Principle Component Analysis

Eigenvector Decomposition

Let $A \in \R^{n \times n}$ be an n by n square matrix.

If there exists a unit vector $v \in \R^n$ and a scaler $\lambda \in \R$ such that $Av = \lambda v$,
$v$ is called the eigenvector, and $\lambda$ the eigenvalue of $A$ respectively.
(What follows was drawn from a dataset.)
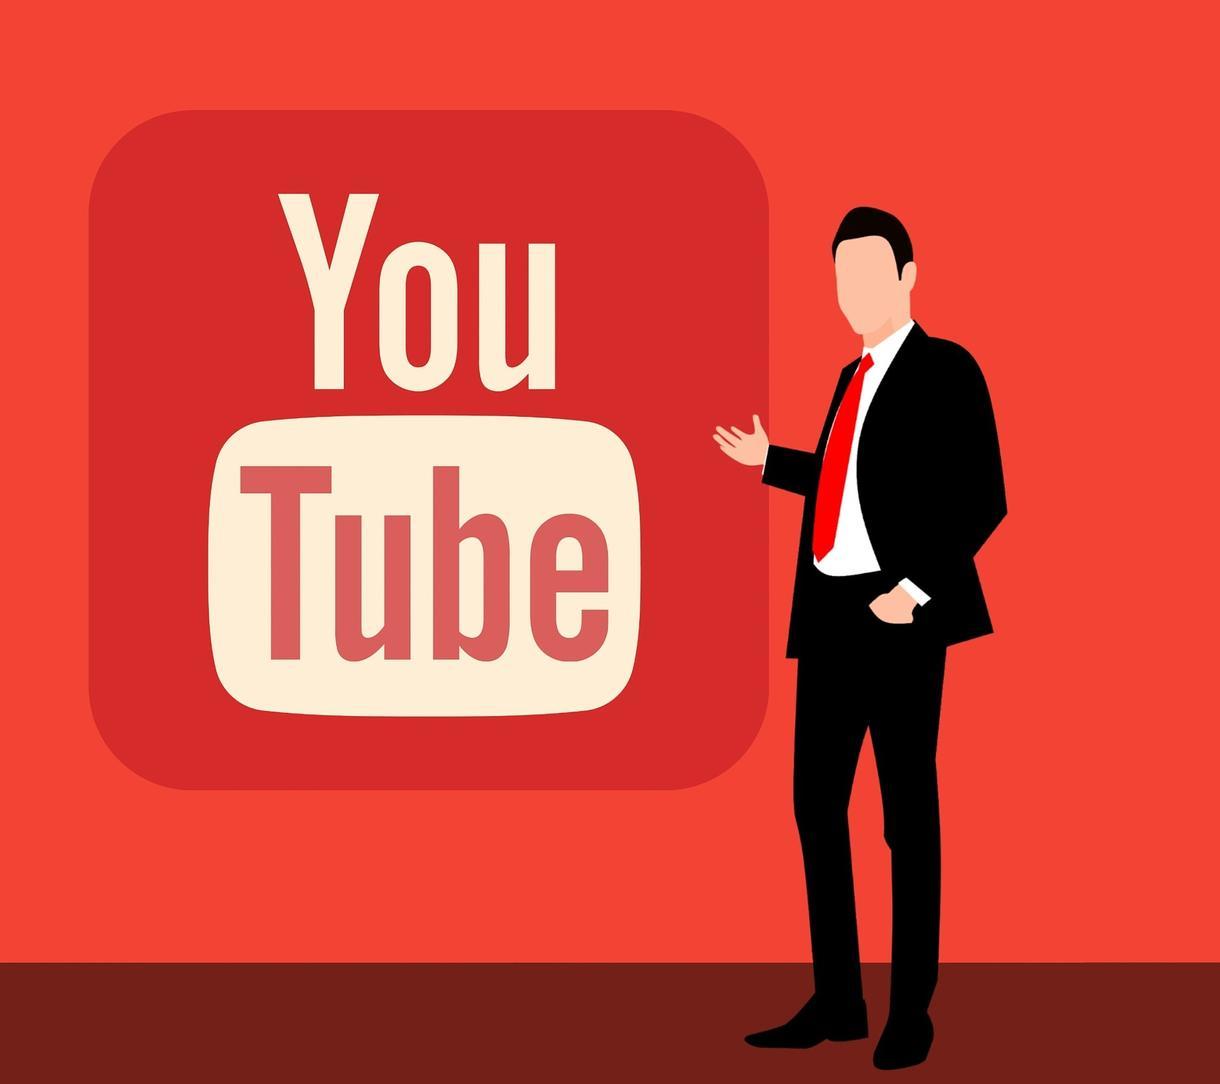 YouTubeや宴会用等の動画編集します 【ココナラ出品者駆け出しのため、単価安め納品早めです!】
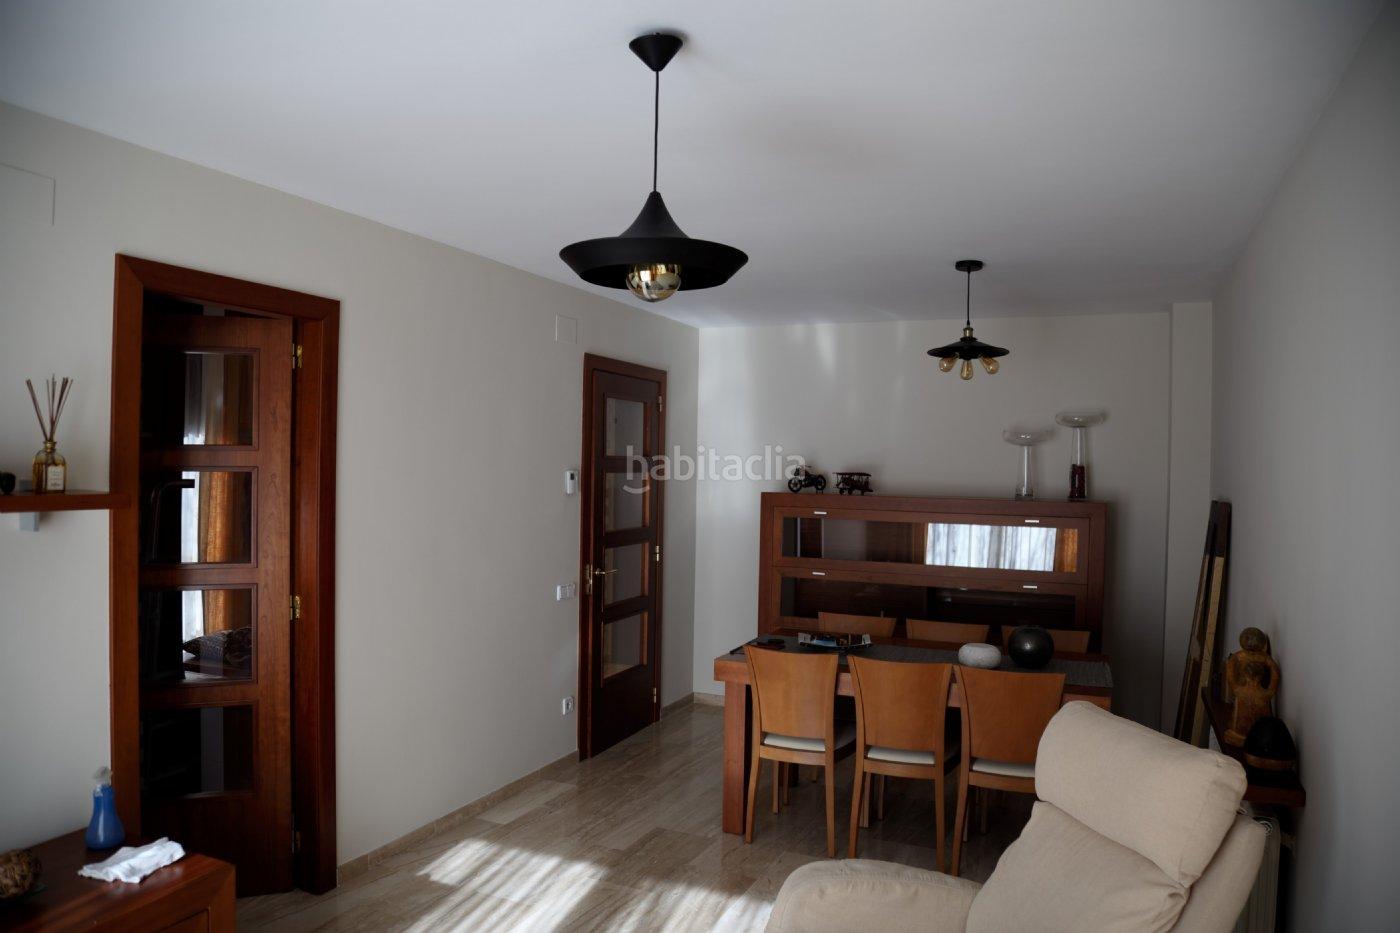 Alquiler piso por 950 en carrer terrassa alquiler d plex for Pisos alquiler particulares terrassa

If there $A$ has $n$ independent pairs of eigenvectors $v^{(1)}, ...,v^{(n)}$ and eigenvalues $\lambda^{(1)}, ...,\lambda^{(n)}$, we can arrange them as follows:

$A \begin{bmatrix} | & & |\\ v^{(1)} & ... & v^{(n)}\\ | & & | \end{bmatrix} = \begin{bmatrix} | & & |\\ v^{(1)} & ... & v^{(n)}\\ | & & | \end{bmatrix} \begin{bmatrix} \lambda^{(1)} & & 0\\ & ... & \\ 0 & & \lambda^{(n)} \end{bmatrix}$

$AV = V \Lambda$

The $n \times n$ matrices $V$ and $\Lambda$ denote the eigenvectors matrix and the diagonal matrix of eigenvalues respectively.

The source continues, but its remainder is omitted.